Question : 51.An investor that purchases a call option XYZ stock, hoping : 1325796

 

51.An investor that purchases a call option on XYZ stock, is hoping that XYZ stock price will:

a.be below the strike price at expiration

b.be above the strike price at expiration

c.be equal to the strike price at expiration

d.none of the above

52.An investor that purchases a put option on ABC stock is hoping that ABC stock will:

a.fall below the put strike price at expiration.

b.rise above the put strike price at expiration.

c.equal the put strike price at expiration.

d.none of the above

53.An investor that writes a naked call could be considered:

a.bullish

b.bearish

c.neutral

d.risk averse

54.ABC stock is currently trading at $28. A call option on ABC with a strike price of $30 and 3 months to expiration trades for $2.75. In order for the option to be considered in the money at expiration, ABC stuck must:

a.be greater than $30.75

b.be greater than $32.75

c.be greater than $30

d.be less than $27.25

55.A put on United Pipeline has 1 year to maturity and a strike price of $45. If an investor purchases that option for $3.25 then in order for the investor to break even, United Pipeline’s stock price on the expiration date must equal

a.$45

b.$48.25

c.$41.75

d.none of the above

56.An investor purchases 2 call options on XYZ stock with a strike price of $50. The call premium is $2.65 each. The investor will breakeven at expiration if the stock price of XYZ is:

a.$50

b.$47.35

c.$55.30

d.$52.65

57.Which of the following conditions must be met in order for put – call parity to hold.

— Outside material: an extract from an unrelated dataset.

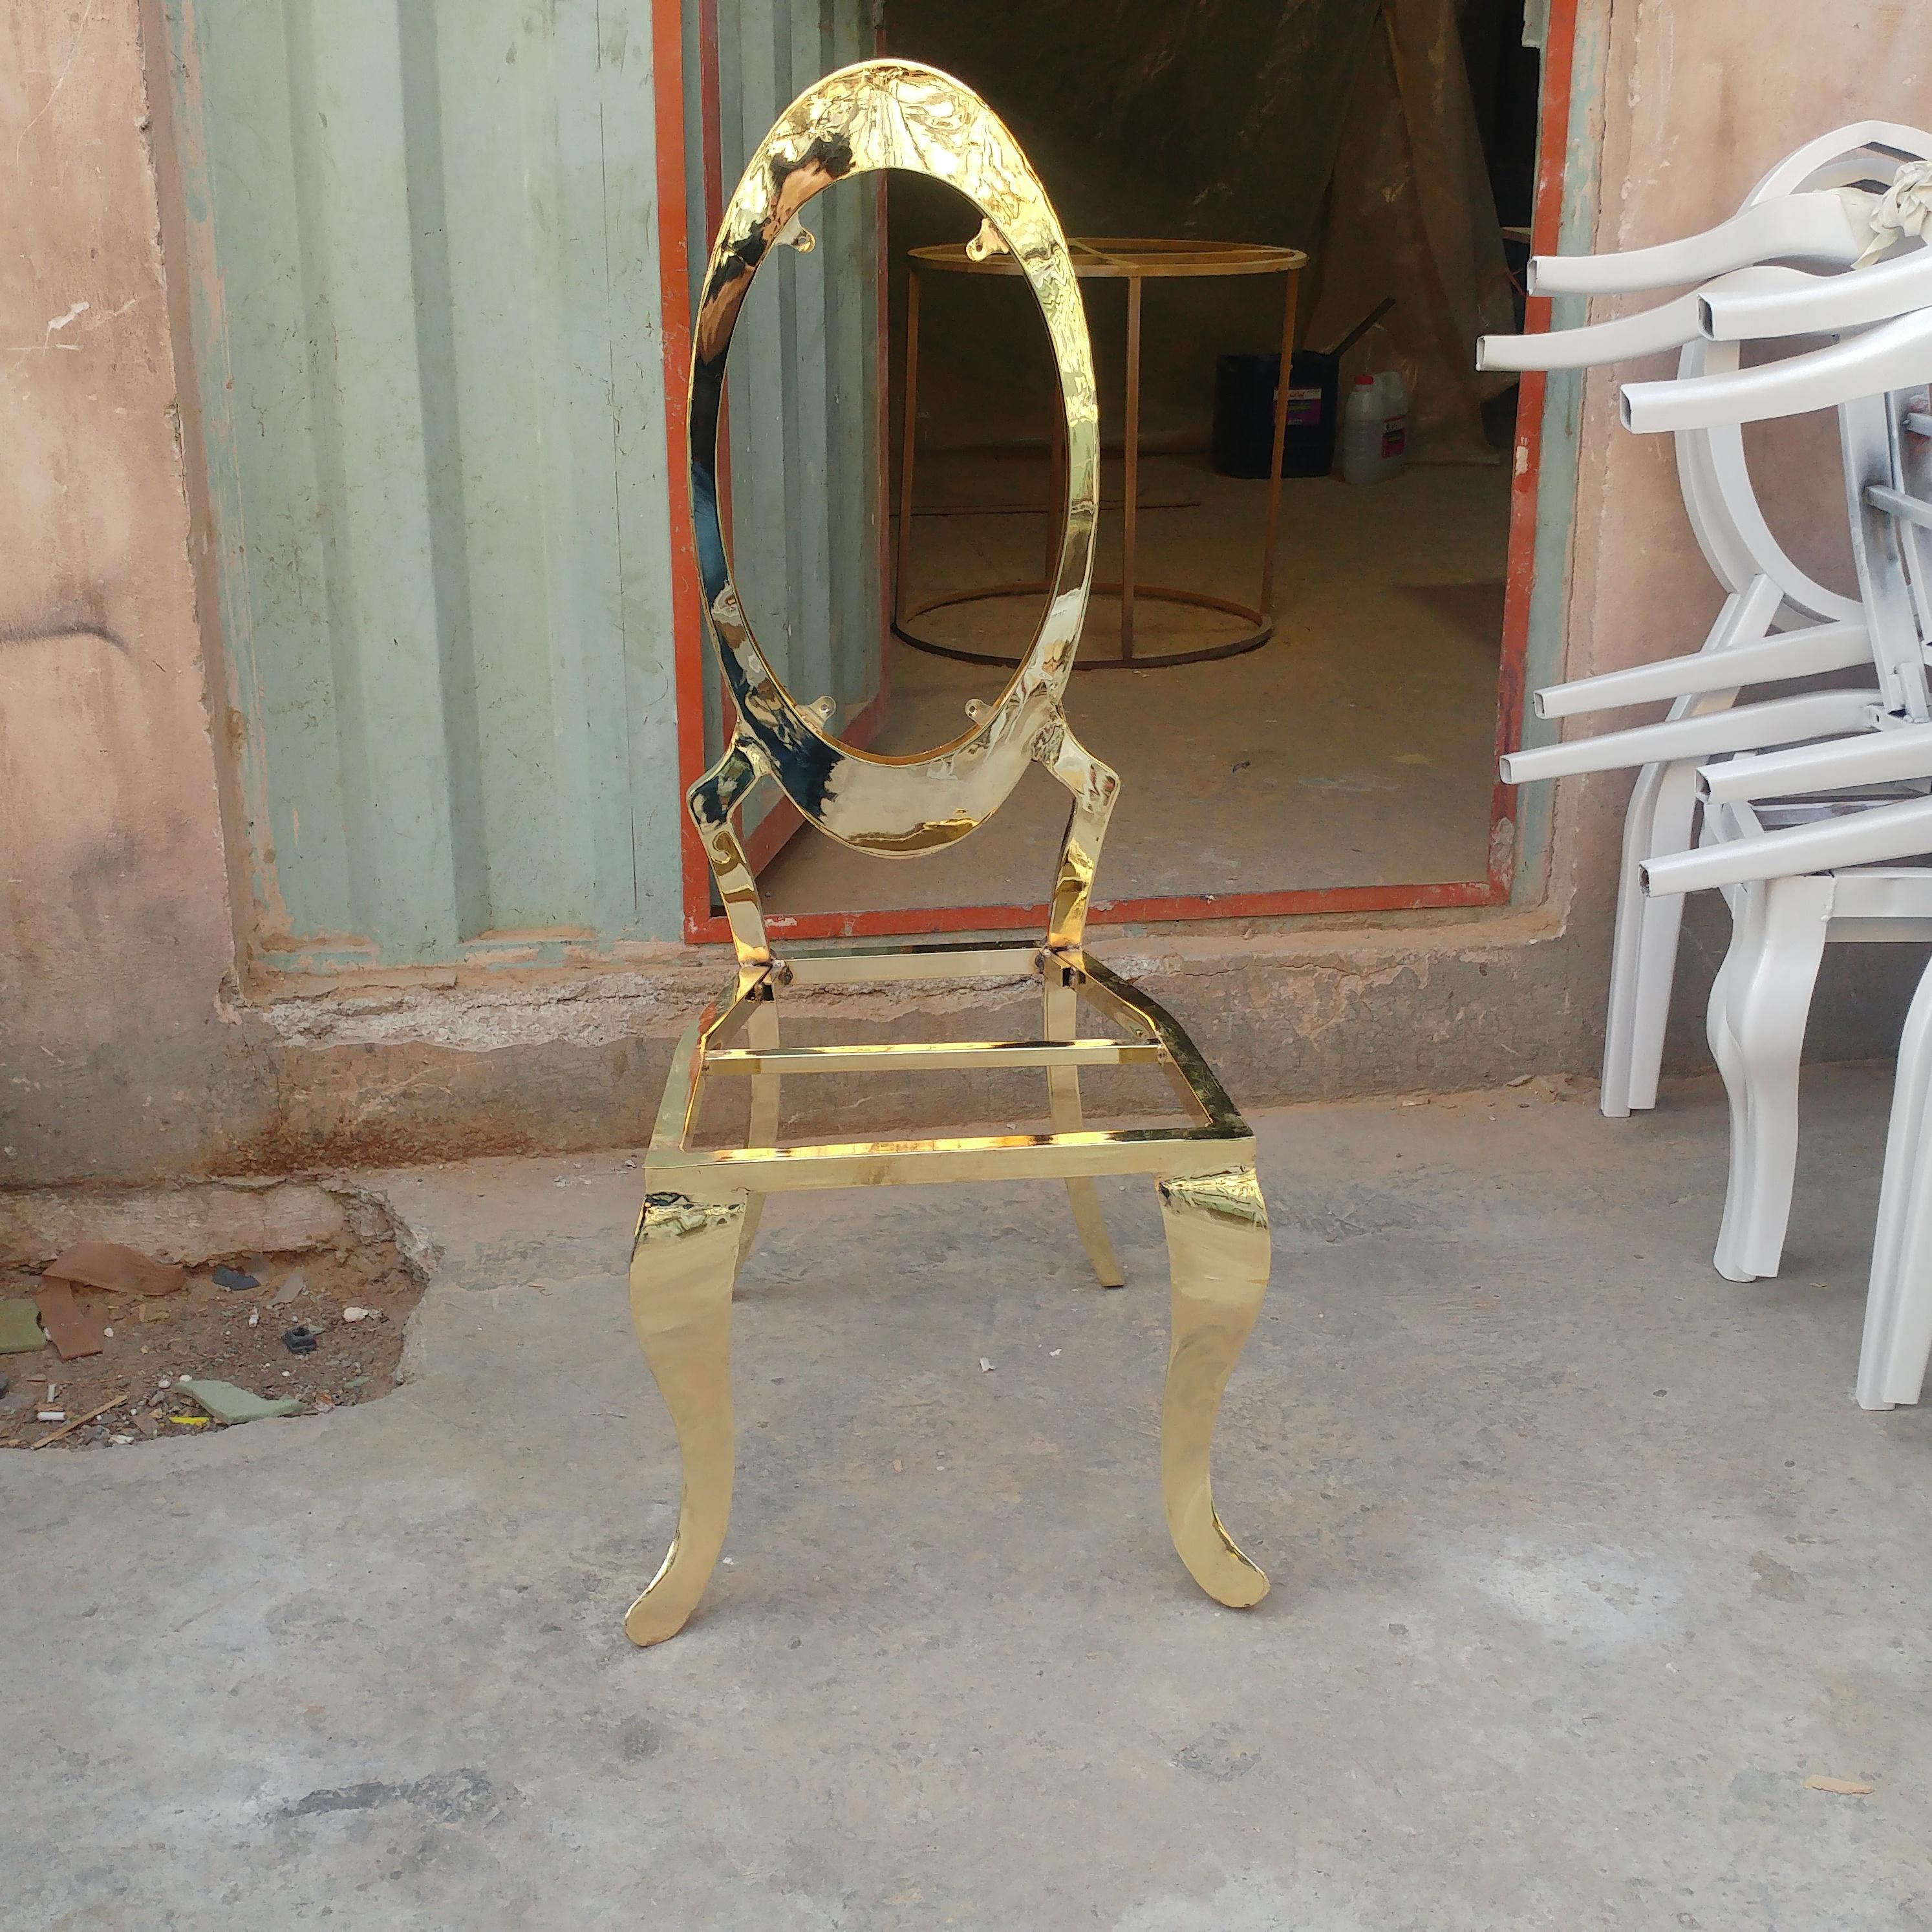 صندلی مبله تالار با ابکاری طلایی و استیل پشت بیضی

a.The call and put options must be on the same underlying stock

b.The call and put options must have the same expiration date

c.Both options should be European options

d.All of the above

58.An investor that writes a covered call

a.receives a premium for the option he sells.

b.speculates that the stock price will increase above the strike price

c.benefits if the stock price increases above the strike price.

d.pays a premium to the call seller for downside protection on his stock

59.The main difference between an American and a European option is that

a.European options are priced in Euros and American options are priced in dollars.

b.American options can be exercised at any time until expiration while European options can only be exercised on expiration date

c.European options can be exercised at any time until expiration while American options can only be exercised on expiration date

d.American options are standardized contracts while European options are not.

60.Kenly Bennett XIV wants to short shares of Axline Industries. However his broker can not find shares available to short. To synthetically produce a short strategy on Axline Industries, Kenly could

a.Buy a put, sell a zero coupon bond with a face value equal to the strike price of the put and the call, and sell a call.

b.Buy a put, sell a zero coupon bond with a face value equal to the strike price of the put and the call, and buy a call.

c.Sell a put, buy a zero coupon bond with a face value equal to the strike price of the put and the call, and sell a call.

d.Buy a put, buy a zero coupon bond with a face value equal to the strike price of the put and the call, and sell a call.